Una cartolina illustrata dà-e Piàghe.

Nella chiesa di Sanctu Petru de Plovake - così nel condaghe[1] di S. Pietro di Silki (sec. XI) - tra le tante particolarità storiche-artistiche presenti, mi sono soffermato all'orologio della chiesa.

Anzi due orologi e sono collocati ai lati interni delle volute di limite del secondo ordine di facciata. Quello in argomento è a sinistra, sistemato lì nel 1873, pare costato 3.040,75 lire, in sostituzione di uno precedente distrutto da un fulmine.

Salendo su per una ripida scala esterna, addossata al lato sinistra di facciata, si accede per un vano dove è collocato l'ingranaggio, proprio dietro l'ornamento della voluta.

Ad occhio d'inesperto, un groviglio di ferraglia arrugginita. Una targa di marmo bianco fornisce precise indicazioni:

FATTO DALL'ARTISTA - CHESSA SENES ANTONIO D' OSILO - A SPESE DELLA CHIESA- DEL CLERO - E DI VARII OBLATORI - DI PLOAGHE - ANNO 1873.

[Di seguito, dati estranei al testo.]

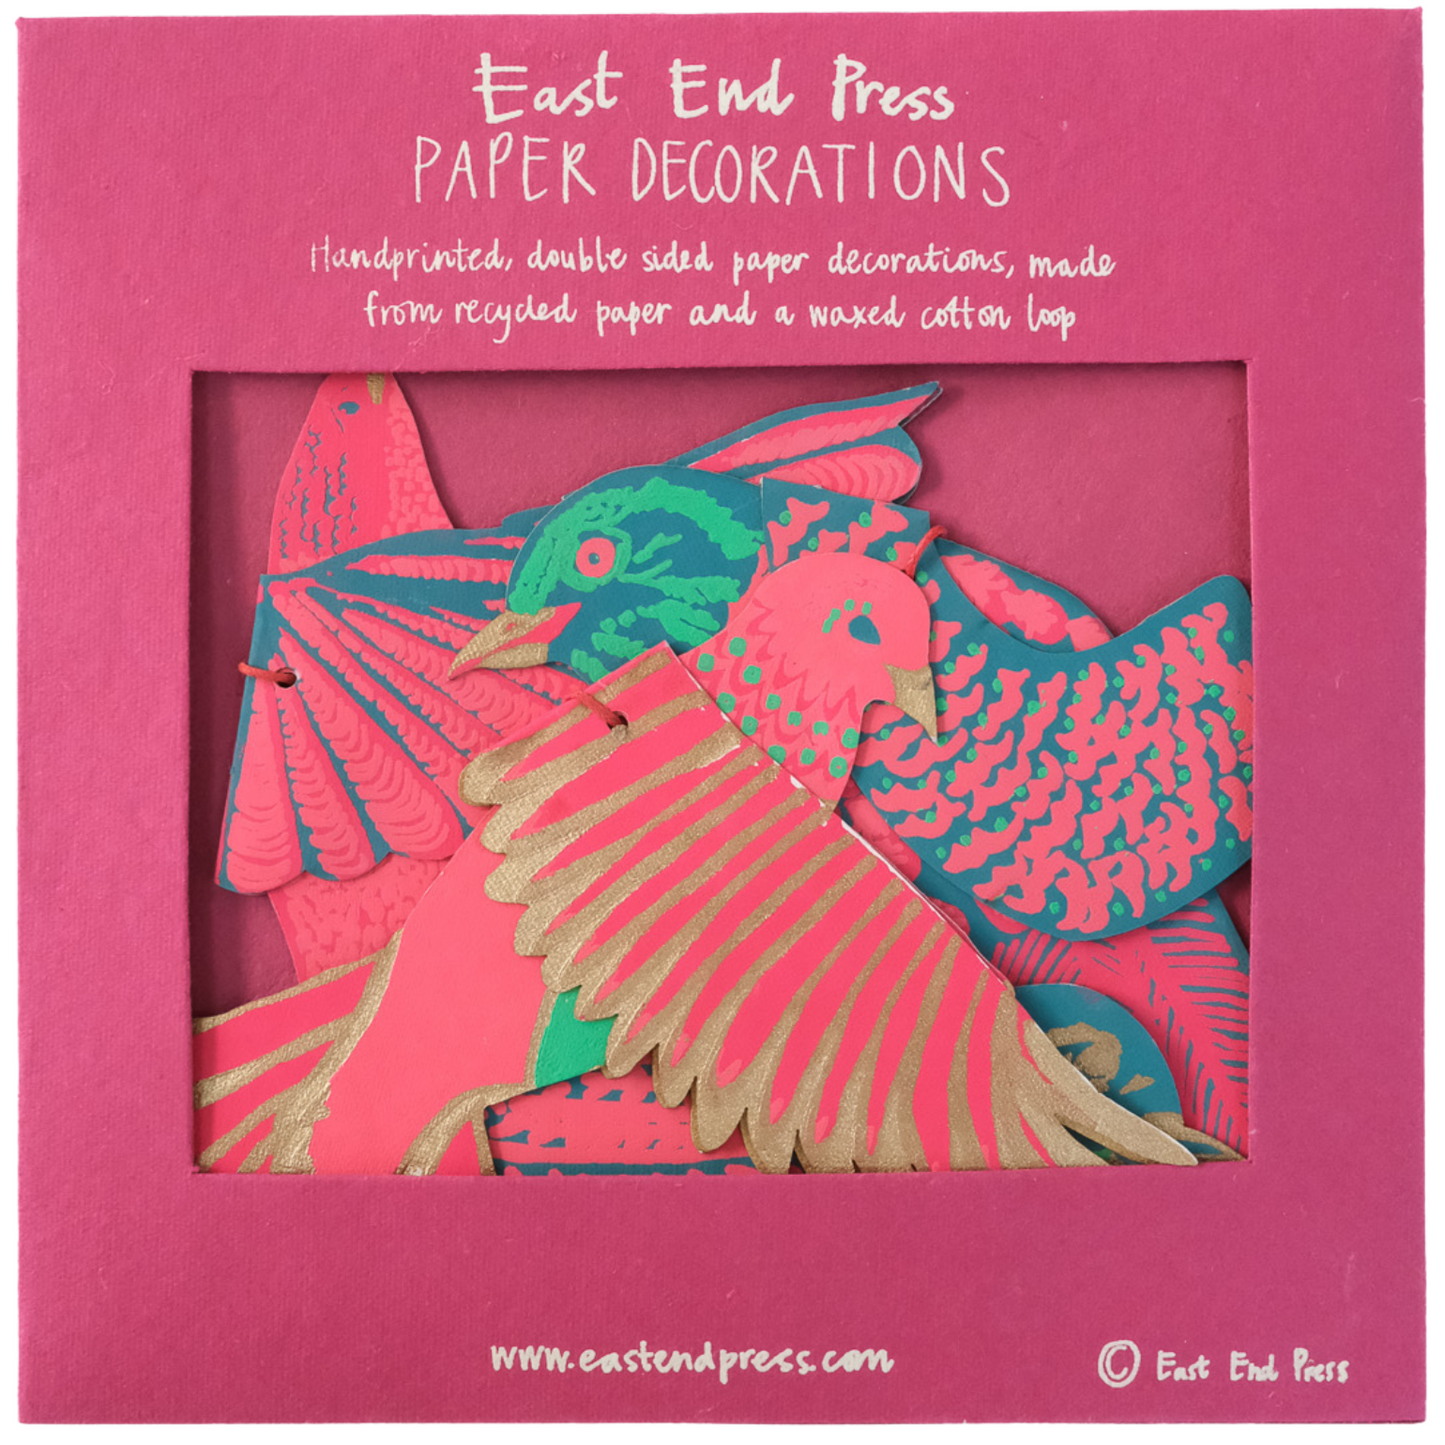 East End Press - Paper Bird Decorations

Ora sarà l'altro a scandire le ore dei ploaghesi e nella loro memoria storica riemergerà, ogni tanto, la figura di Giuanninu su mùdu (forse affetto da mutismo) che si occupava degli orologi. Questo aneddoto me l'ha raccontato una bravissima alunna della 3^ elementare, sicura e coinvolgente ambassador (locuzione tanto in voga all'Expo) della Giornata MonumentiAperti 2015.

Da segnalare - lo ritengo doveroso a margine di questo commento - l'attività svolta dalla Scuola Elementare (per facilità la definisco ancora così) di Ploaghe che ha proposto, alle nuove generazioni, offerte formative di spessore. Il risultato dei contenuti storici delle proprie identità lo hanno dimostrato in maniera lodevole, tant'è che non pochi sono stati gli attestati, che i ragazzi/e, hanno ricevuto a scena aperta.

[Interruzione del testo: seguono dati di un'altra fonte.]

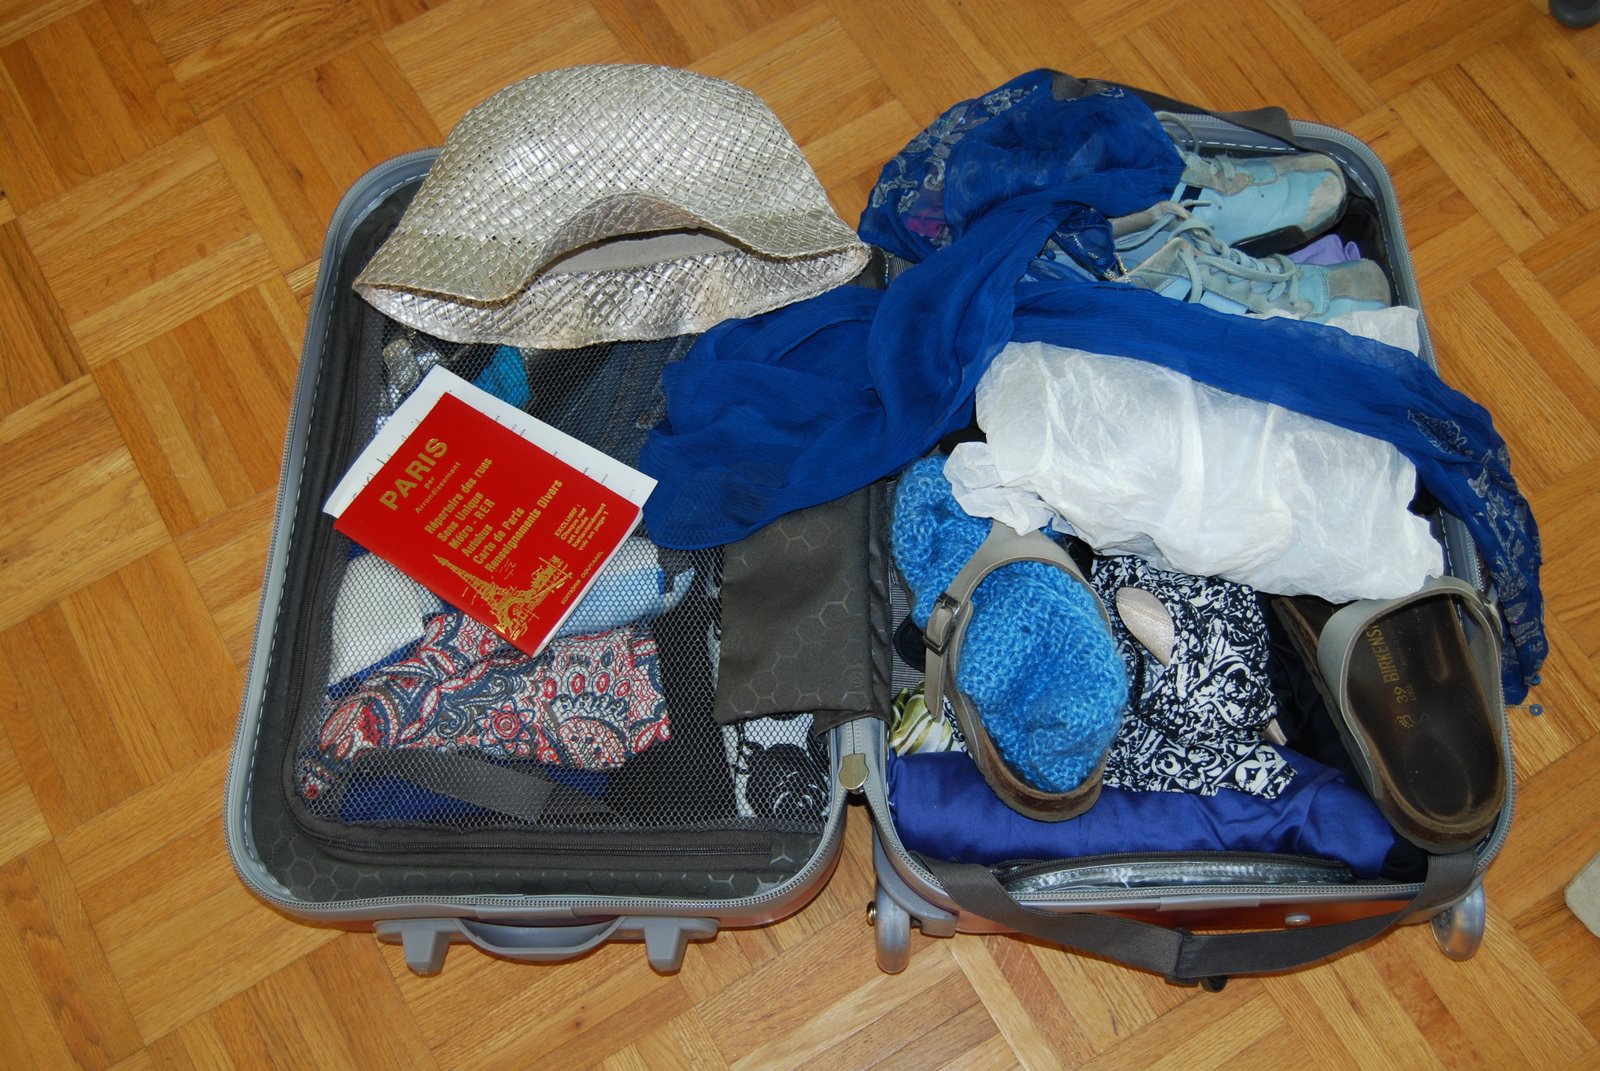 paris packing, part two

Quando la Scuola distribuisce saperi... ecc. ecc.

È in quel preciso percorso culturale che m'è venuta a memoria uno spaccato di storia chiaramontese:

Chiaramonti 1856.

A metà dell'ottocento esisteva un orologio pubblico e la sua collocazione è sconosciuta, a memoria d'uomo, così almeno credo. Non è pensabile immaginarlo in facciata della chiesa San Matteo, perché edificata i su mònte 'e chéja, quindi fuori mano. Sicuramente era posizionato in una piazza, magari nell'attuale piazza Azuni o forse nella facciata del Montegranatico, demolito dopo il 3 gennaio 1883 per erigere su Municìpiu.

Altra sede di passaggio poteva essere piàtta 'e chéja, in facciata dell'Oratorio Santa Croce, anch'esso demolito per innalzare la parrocchiale di San Matteo (1883).

Altra designazione potrebbe essere l'edificio della Casa Comunale che nel 1854 era di proprietà della signora Monaca Usai (nome proprio o religiosa ) a cui venivano corrisposte, per l'anno 1854, lire 48; a quietanzare i mandati di pagamento un suo delegato, da qui la convinzione che fosse una religiosa.

Tante connessioni, ma siamo certi comunque che, a fronte di documentazione, in paese c'era e, guarda caso, in manutenzione costante dall'orologiaio Antonio Chessa Senes, lo stesso che prestava opera manutentiva a Ploaghe.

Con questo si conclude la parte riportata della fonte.